Material and methods

Study area and target species

Nothofagus pumilio (Poepp et Endl.) Krasser (southern or lenga beech) is the dominant subalpine tree species in the southern Chilean and Argentinean Andes between 35°S and 56°S, encompassing a longitudinal distribution range of more than 500 km (Masiokas and Villalba 2004; Lara et al. 2005; Rodríguez‐Catón et al. 2016). Out of all Nothofagus species, N. pumilio is the most orophilic (Amigo and Rodríguez-Guitián 2011). The dark green, elliptical, and notched broad leaves of the deciduous species turn into an orange-reddish colour in autumn, which is a reliable distinguishing feature of the species in comparison to other evergreen Nothofagus species in this region (Hildebrand-Vogel et al. 1990; Amigo and Rodríguez-Guitián 2011).

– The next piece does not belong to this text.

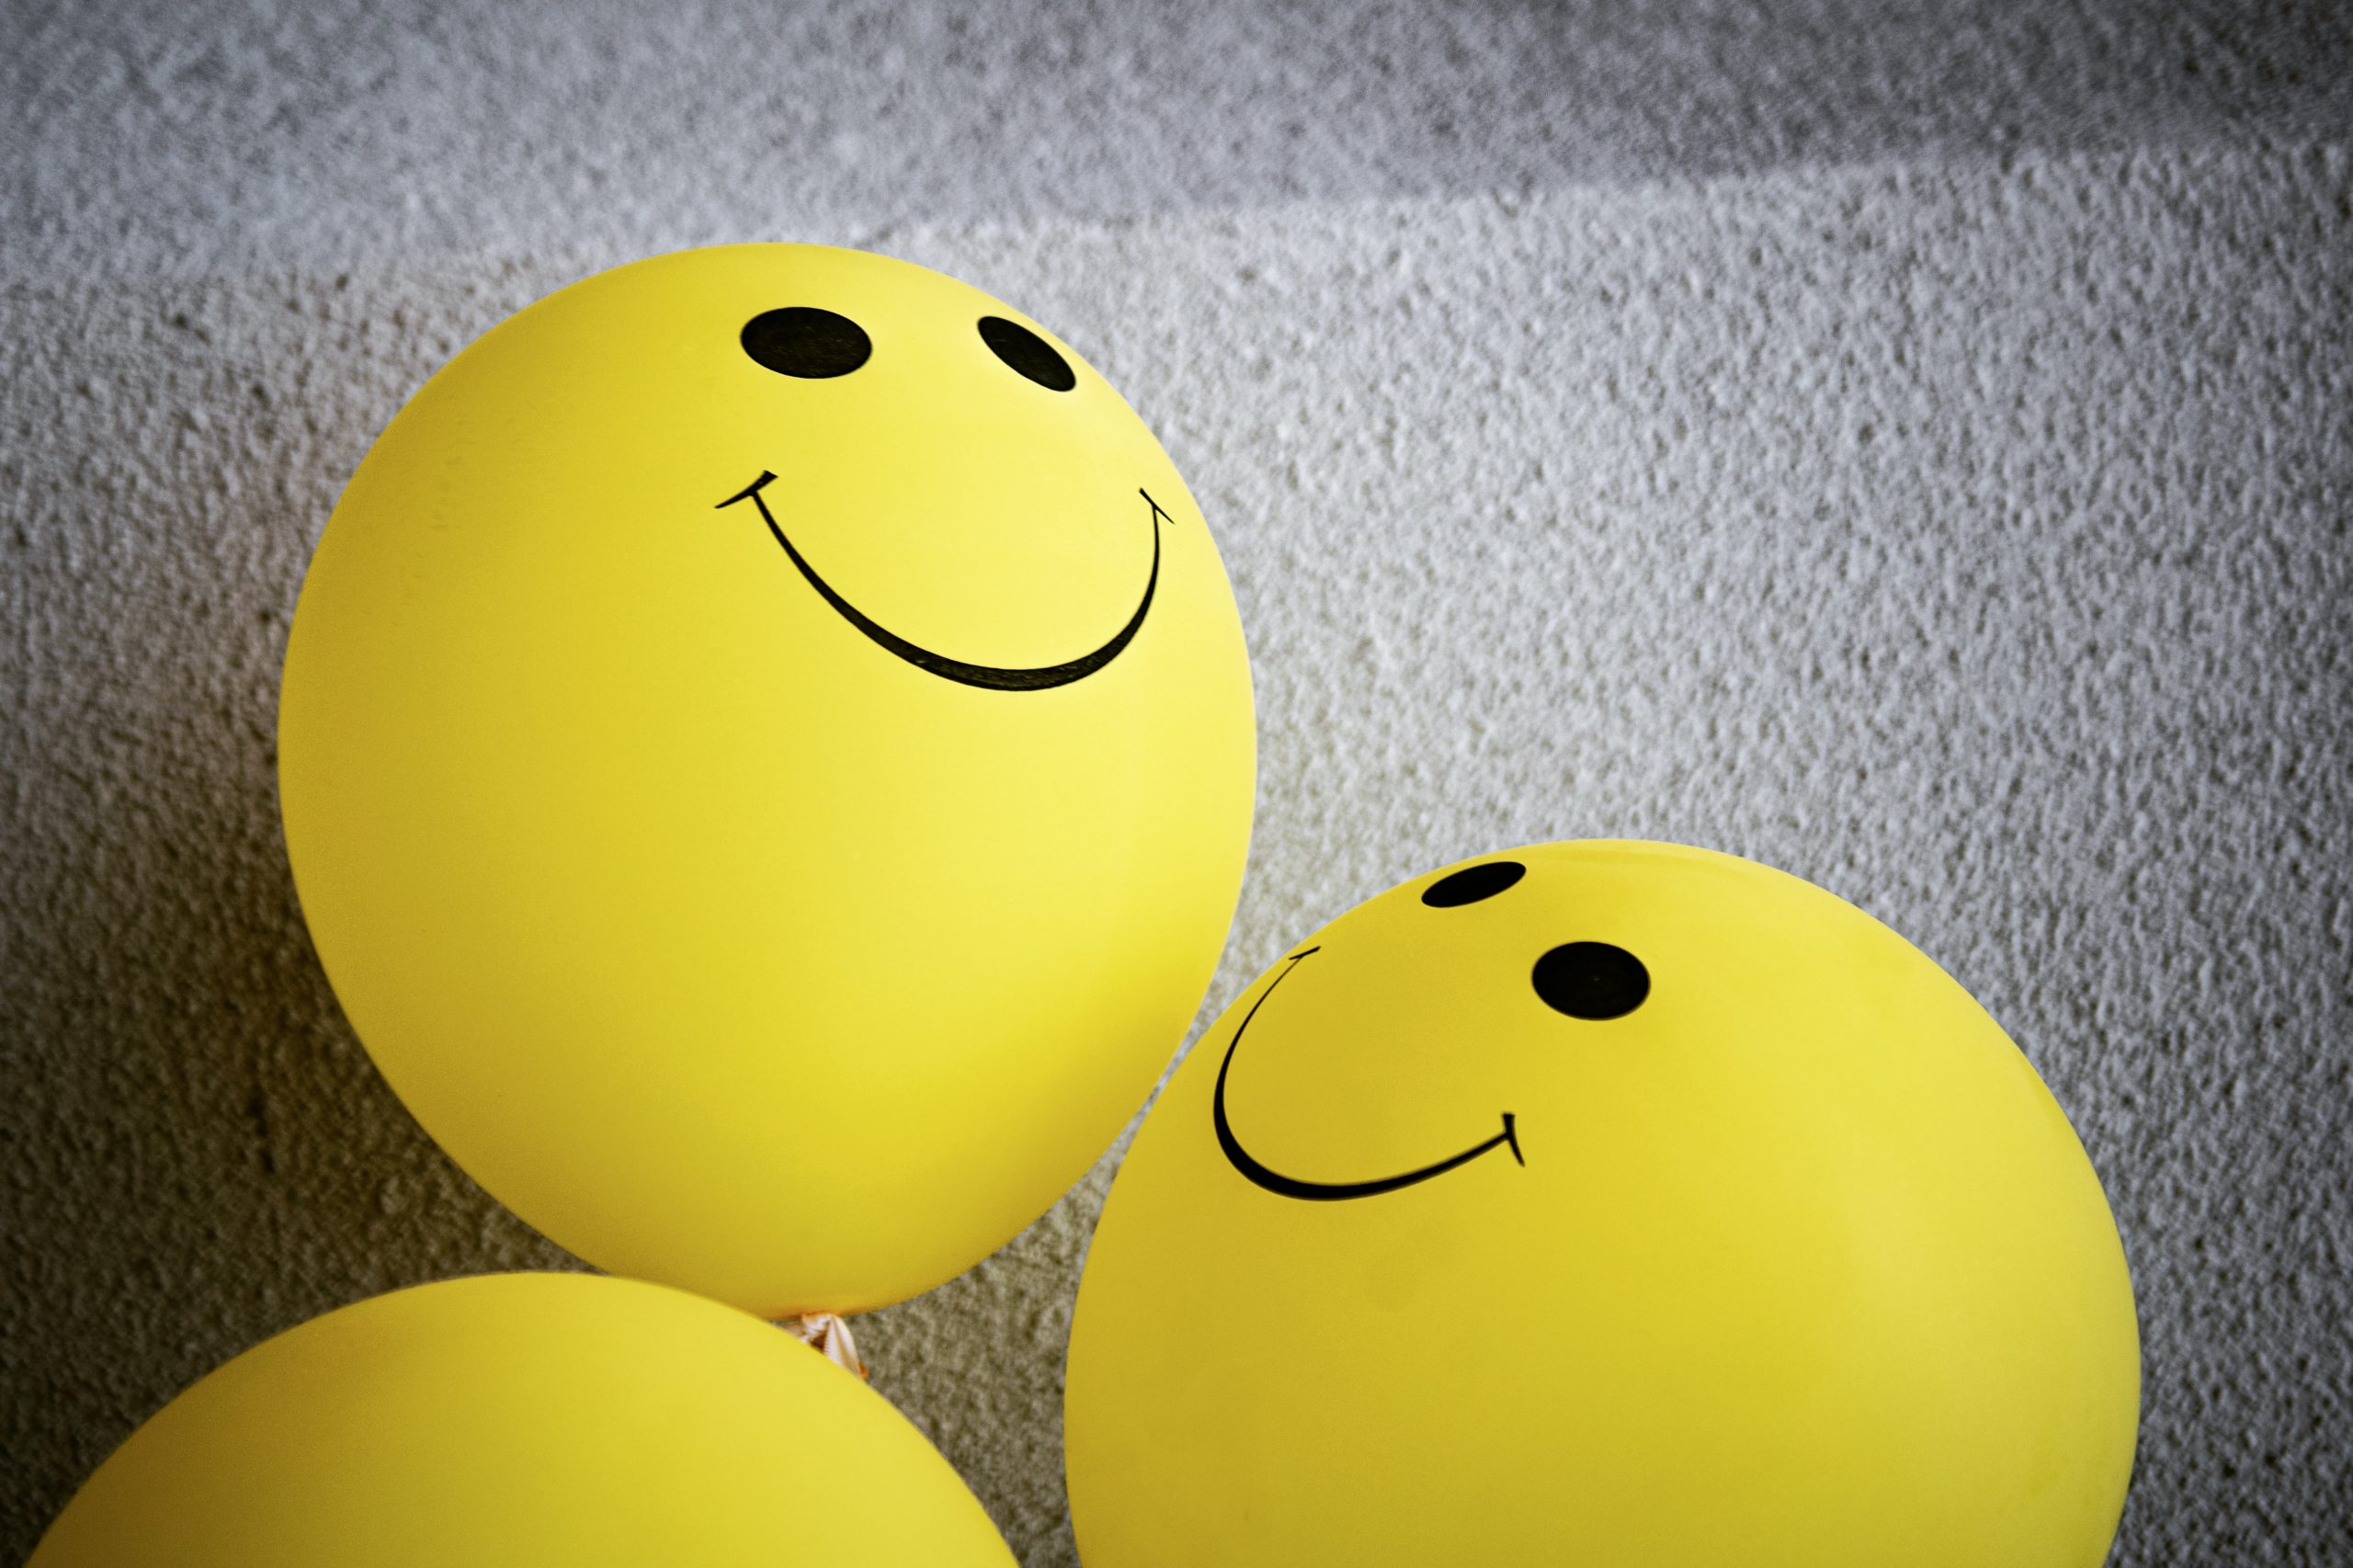 Three yellow balloons sporting happy faces.

The distribution area of the species along the Andean cordillera follows an elevational gradient from north to south, while the west-east expansion is also dependent on precipitation. N. pumilio forms mono-species forests located between 1600 m up to 2000 m in the northern parts, whereas the elevational limit decreases to 400 m in the southernmost range at Tierra Del Fuego (Cuevas 2000; Lara et al. 2005). The treeline elevation decreases constantly by 60 m per 1° latitude (Lara et al. 2005). The west-east distribution area is defined by the extreme precipitation gradient from the windward to the leeward side of the Andes (Hertel et al. 2008). The eastern distribution boundary is characterised by low precipitation, following the forest-steppe ecotone (Rodríguez‐Catón et al. 2016). Often, two treelines are formed in the eastern regions – a common upper and a lower, xeric treeline towards the arid region (Hertel et al. 2008). On the western side of the Andes, the distribution is restricted to high elevations. In these hyperhumid areas, the species does not occur at lower elevations, where Nothofagus betuloides is the dominant tree species (Young et al. 2007; Amigo and Rodríguez-Guitián 2011). Especially the autumn colouring of the deciduous species and its occurrence in mono-species forests at the treeline are important characteristics for the Instagram ground truthing approach, as these features aid in identifying the species in Instagram posts and make them recognisable in satellite images.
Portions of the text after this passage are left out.